Siga-nos

Perfil

Expresso

Internacional

Osaka quer cortar relações com São Francisco por causa de estátua de escravas sexuais

Justin Sullivan

Apesar de geminadas, a cidade japonesa de Osaka ameaça cortar uma relação de 60 anos com a norte-americana São Francisco

Osaka, no Japão, e São Francisco, nos EUA, são cidades geminadas mas estão prestes a cortar uma relação que dura há já 60 anos. Ou pelo menos o lado japonês mostrou essa intenção, depois de o presidente da câmara de São Francisco, Edwin M. Lee, ter aprovado a colocação de uma estátua, em setembro, como homenagem às mulheres que antes e durante a Segunda Guerra Mundial foram escravas sexuais do exército nipónico.

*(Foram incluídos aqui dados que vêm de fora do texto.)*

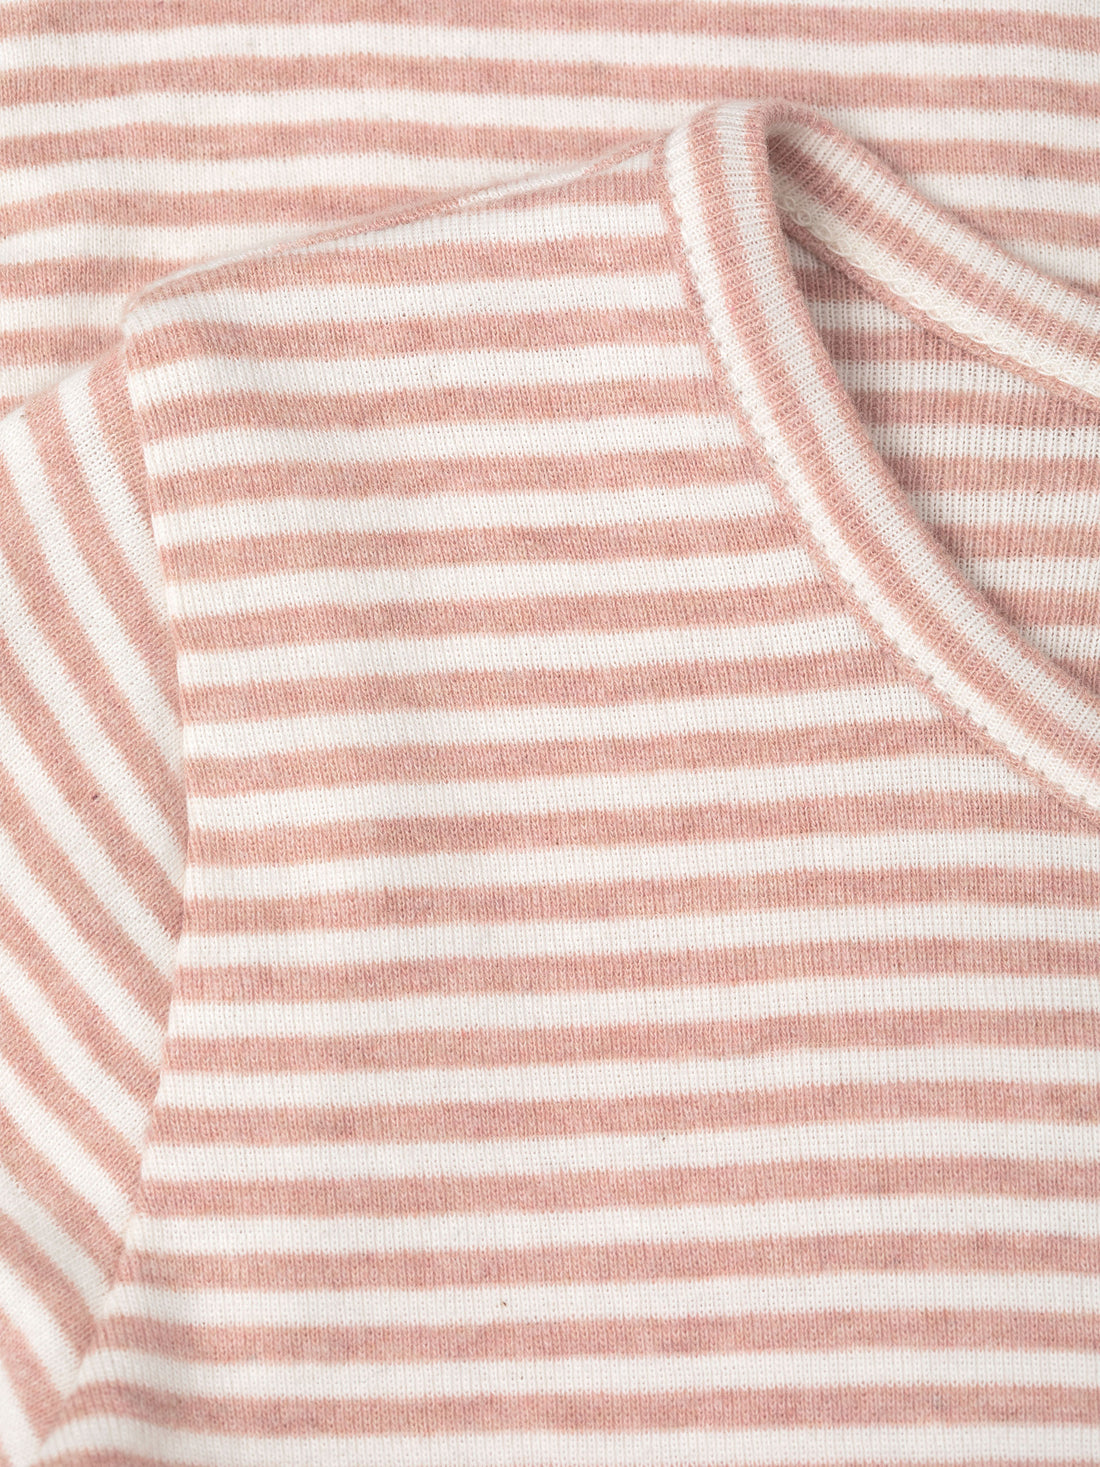 Serendipity - Kinder Shirt Streifen rosa-natur aus Biobaumwolle

Na sexta-feira, o chefe de gabinete do governo japonês, Yoshihide Suga, disse em conferência de imprensa que "a colocação de monumentos de 'mulheres de conforto' nos EUA e outros países vai contra a posição de arrependimento que o Japão tem sobre o assunto".

A estátua, instalada na Praça Saint Mary, no bairro de Chinatown em São Francisco, representa uma mulher coreana, uma chinesa e uma filipina. Estão as três de pé e de mãos dadas, sob o olhar atento de uma quarta figura mais velha, a sul-soreana Kim Hak-sun, defensora dos Direitos Humanos e a primeira mulher a falar da sua experiência como "mulher de conforto" durante a ocupação japonesa na Coreia.

Entre o início dos anos 30 e o final da Segunda Guerra Mundial, cerca de 200 mil mulheres foram forçadas a serem escravas sexuais. O Japão sempre negou que tivessem existido escravas sexuais no seio militar. Até 1993, ano em que várias mulheres começaram a denunciar os abusos a que estiveram sujeitas durante anos. O Japão pediu perdão pelo sucedido.

Desde essa altura, dezenas de estáttuas de homenagem às "mulheres de conforto" foram erigidas em países como a Austrália, Alemanha e agora os EUA.